Но он убедился в том, что самостоятельно не издать ему свой роман.
— Книгопродавец — алтынная душа, — прижмет непременно, и я сяду в болото. Непременно сяду.
И он рассчитал, что если сдаст роман в «Отечественные записки», которые расходятся в двух тысячах пятистах экземплярах, то его прочтут по крайней мере сто тысяч человек.
— Напечатай я сам — моя будущность литературная, жизнь — все обеспечено, — думал он. — А если нет? Если вот эти олигархи и диктаторы, которые засели в журнальных редакциях, возьмут да и откажут…
Тогда, может быть, и в Н е в у. Что же делать? — Он готов на все, лишь бы не погибла идея. А идея — это роман. Это не переводишки, которыми он занимался ради денег. Это уже нечто с в о е. Это то, быть может, на что все эти гончие из редакций должны были бы наброситься, как на свежую добычу. Это уже нечто п о д Ш и л л е р а. — Устрой я роман, тогда Ш и л л е р найдет себе место, или я — не я.

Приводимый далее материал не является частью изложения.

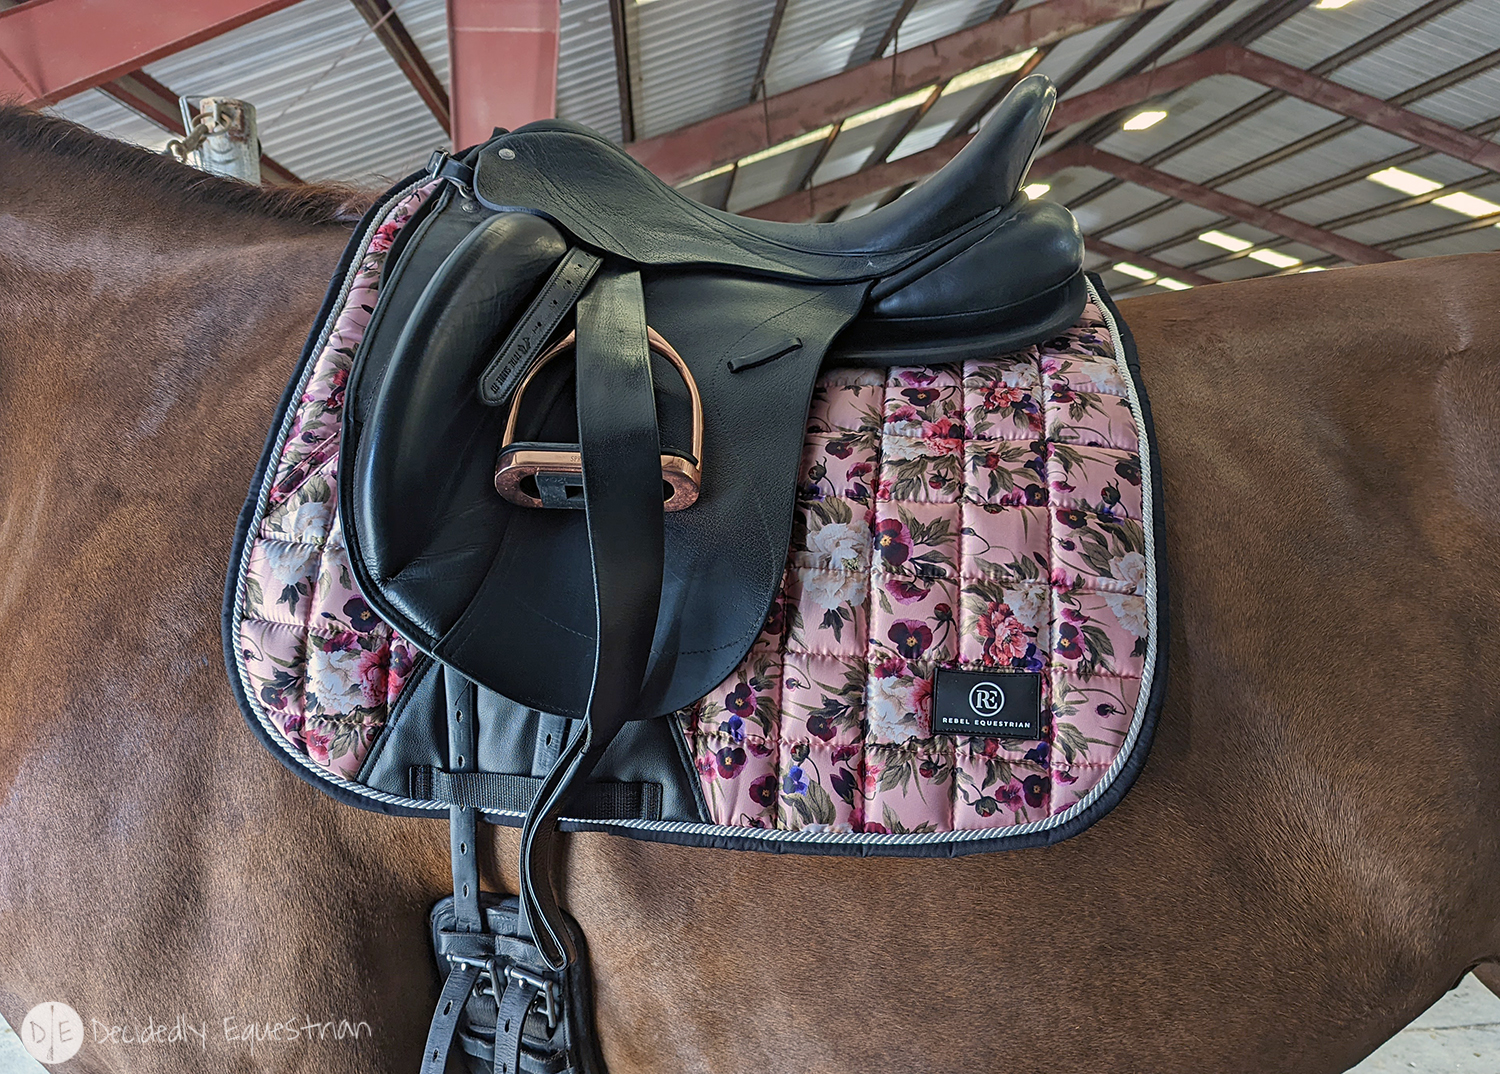 Rebel Equestrian Saddle Pads Review

Из всех этих пылких стремлений можно было заключить, что Федор Михайлович хочет увенчать уже давно им начатое дело, при этом дело, ставшее сегодня главным в жизни, может быть даже единственным, ради которого тратятся лучшие силы ума и чувств. И действительно, не один уже год Федор Михайлович расходует все, без остатка, эти свои силы. Тому лет десять и не менее, еще в отрочестве, а потом в юности, он пристрастился, вместе со старшим братом Мишей, к книгам. И днем и даже по ночам читали они сообща и вслух разные презанимательные истории про капелланов, бенедиктинцев, про «кошмары», «ужасы» и «тайны»… И всевозможнейшие доны Педры и доньи Клары, и разные Альфонсы и Лючии, и иные аглицкие, испанские и итальянские выдумки, вычитанные у Анны Радклиф и прочих пылких сочинителей, «въелись», как он вспоминал, в его голову, и почти что навсегда. А потом к ним прибавлен был сам Шекспир (им уже просто бредил юный Федор Михайлович), потом Шиллер и далее многие-многие любопытнейшие авторы, обольщавшие самолюбие и воображение. Но с особенным жаром он читал и перечитывал ветхозаветное сказание о многострадальном Иове, которого жестоко испытывала судьба, послав ему нищету, болезни и прочие муки и лишения. И так книги стали его неотлучными спутниками дневных занятий и долгих зимних, бедно освещенных вечеров. А с книгами у него крепко соединились картины самой жизни, при этом жизни чрезвычайно и разнообразно суетливой и представленной сочинителями в малейших подробностях, то с фантастическими событиями, то с самоотверженными порывами, столь возвышавшимися над всей земной скудостью, то с неоглядными мечтаниями о вечной заре и незаходящем солнце. И какие чудесные мгновения переживал он и все думал: вот бы быть и мне сочинителем, вот бы и мне написать что-нибудь из венецианской, например, жизни, какой-нибудь этакий хитрый и затейливый роман о венецианках и венецианцах… И он что-то все про себя нетерпеливо писал, все грезил о поэтах и страстно, безмерно порывался стать сочинителем. Да и впрямь в душе его пылал огонь, и вырастал он как уже вполне отдавшийся воображению и разным затеям сочинитель, — так по крайней мере думал его брат Миша. Какая-то сила мгновенных объяснений и выводов рвалась из его горячей груди. Какой-то кипящий источник мысли уже оживлял все его существо.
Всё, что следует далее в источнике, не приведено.